▶ Data below:
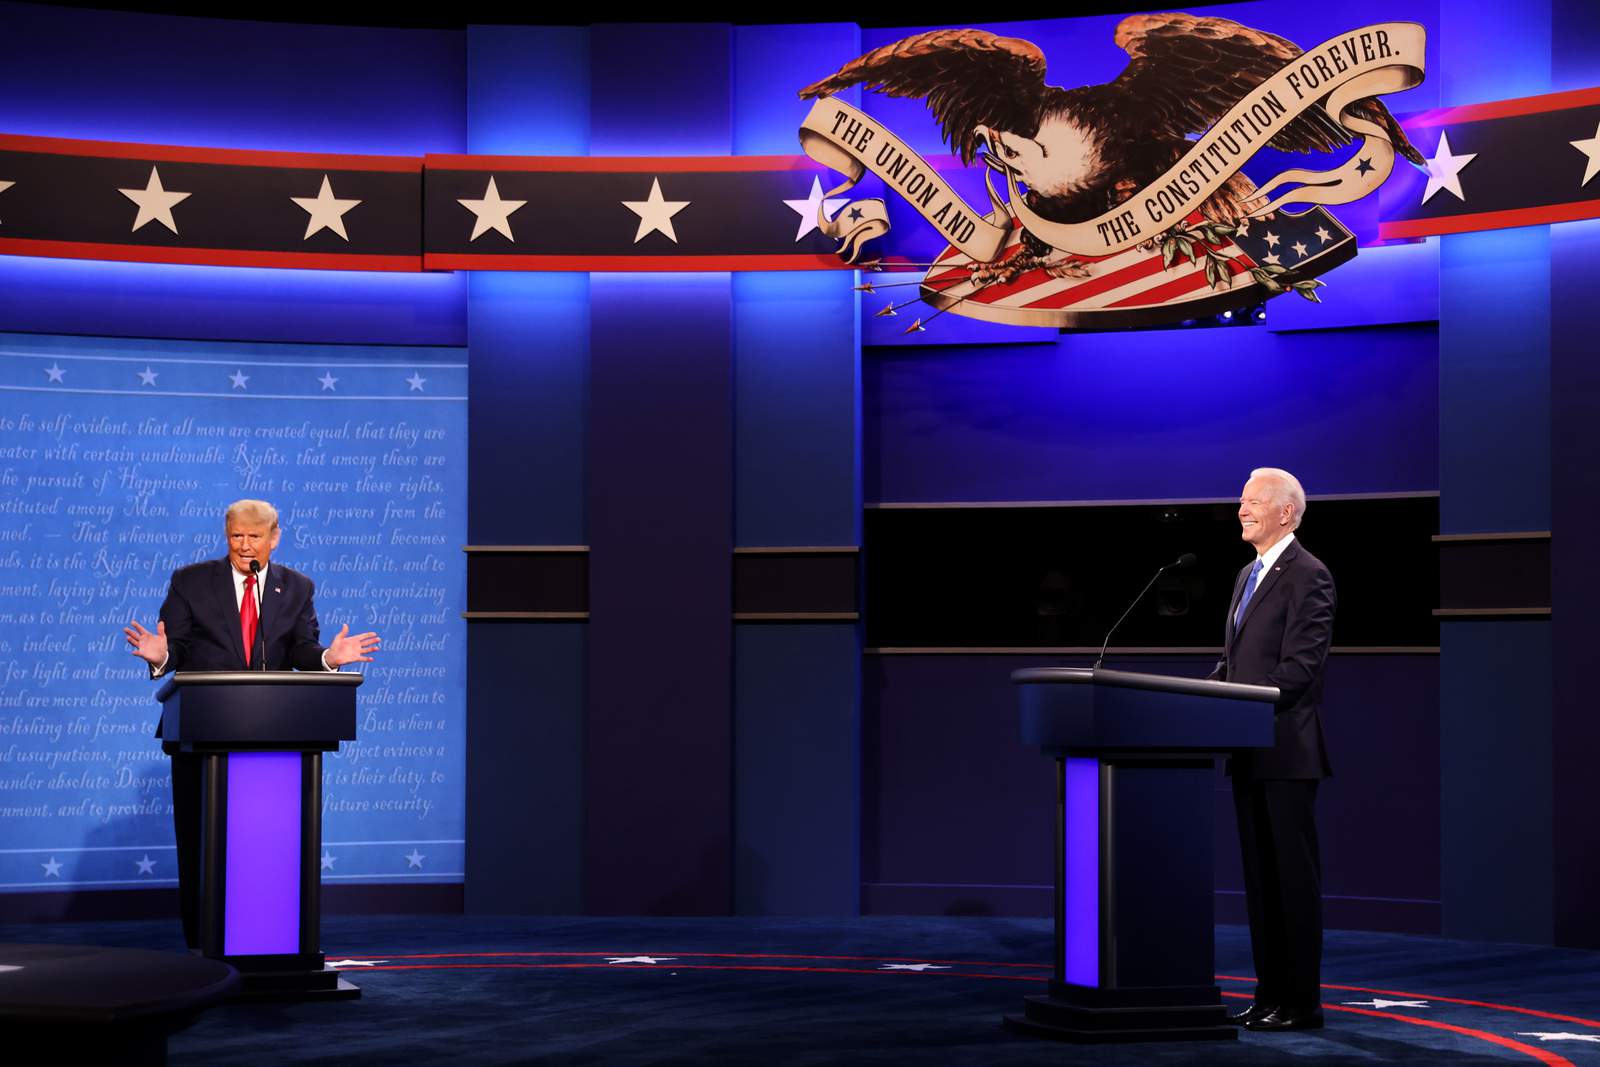 Take our quiz to rate your feelings on the final presidential debate
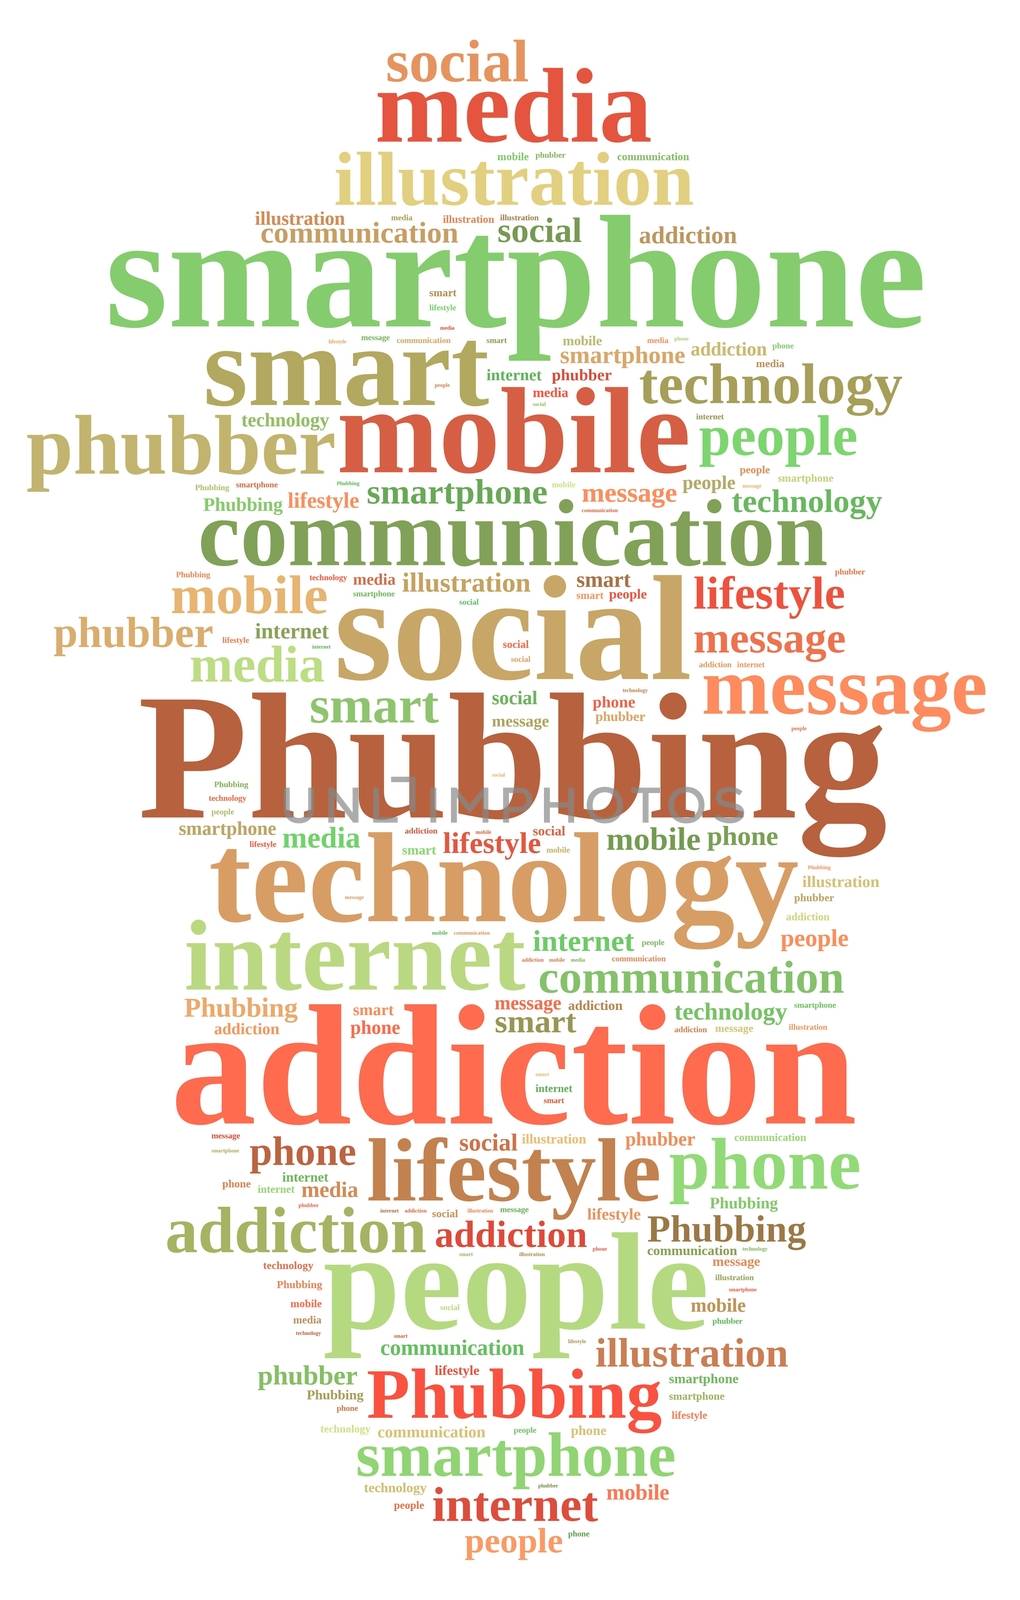 Illustration with word cloud on phubbing, the addiction to mobile
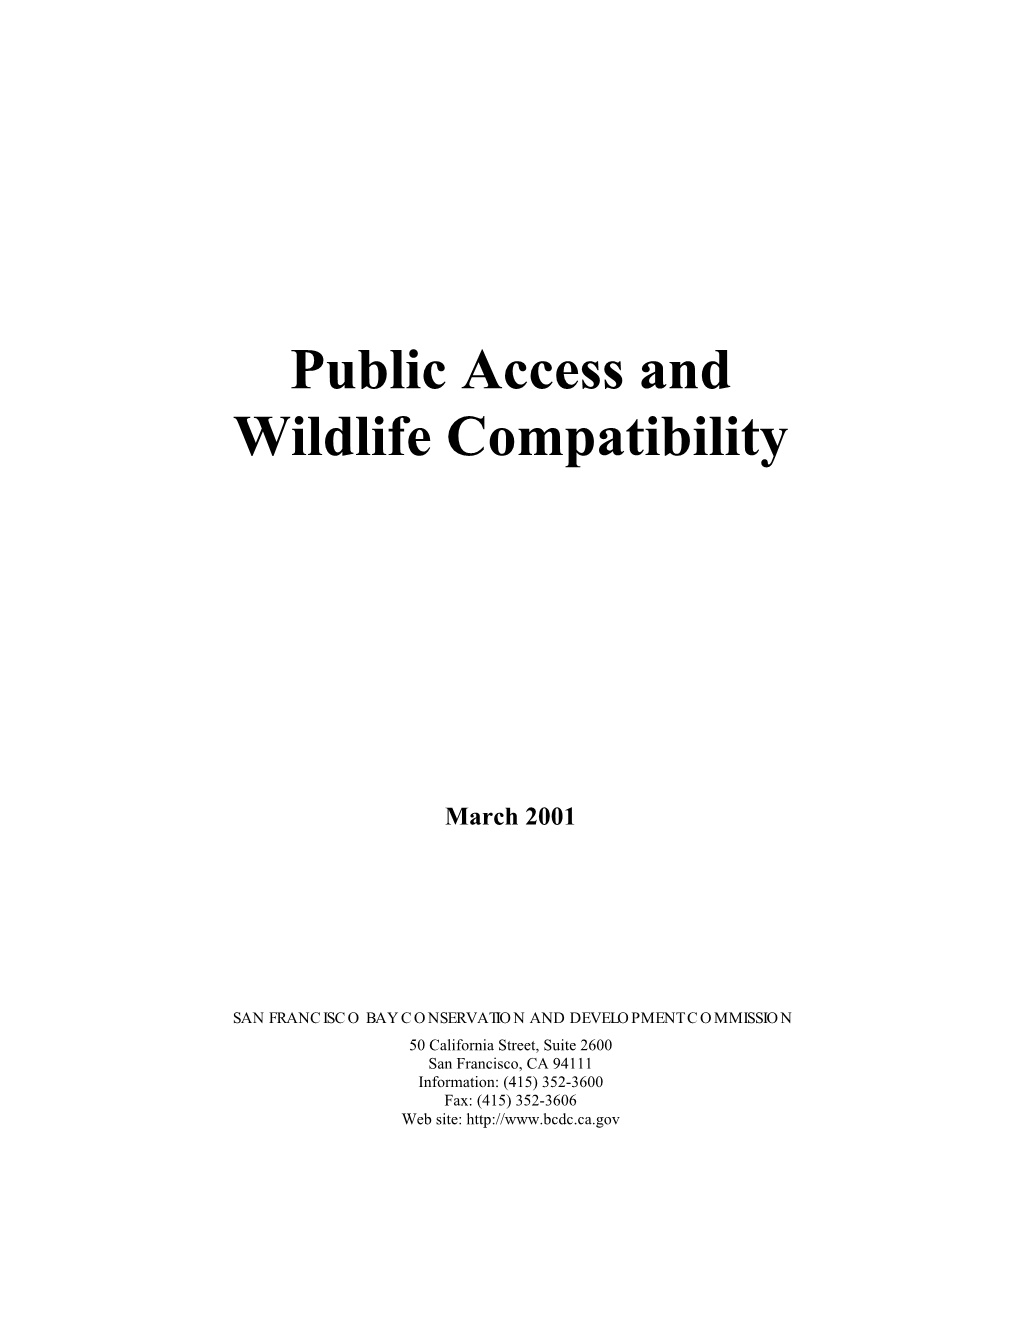 Public Access and Wildlife Compatibility
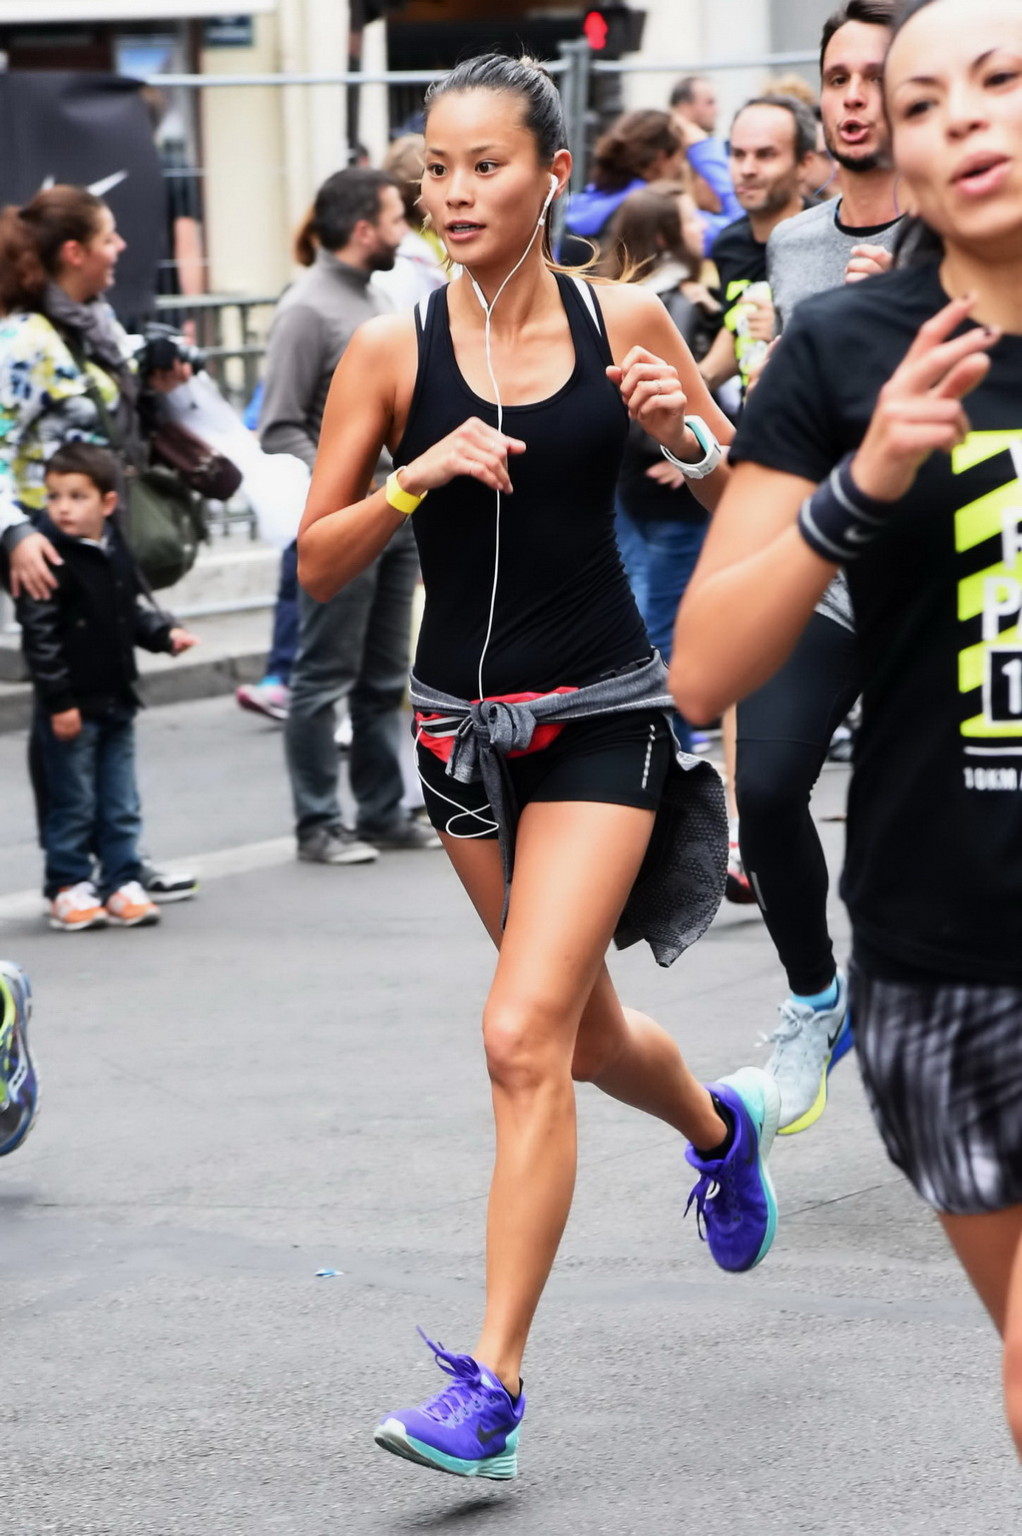 Jamie Chung wearing tiny black top and shorts while running in the Nike 10km Par #75184188

▶ Problem:
The lines to repeat run from the line containing "Public Access and Wildlife Compatibility" through the end of the listing above, both included; give them exactly and without pictures.

▶ Answer section:
 Public Access and Wildlife Compatibility
 Jamie Chung wearing tiny black top and shorts while running in the Nike 10km Par #75184188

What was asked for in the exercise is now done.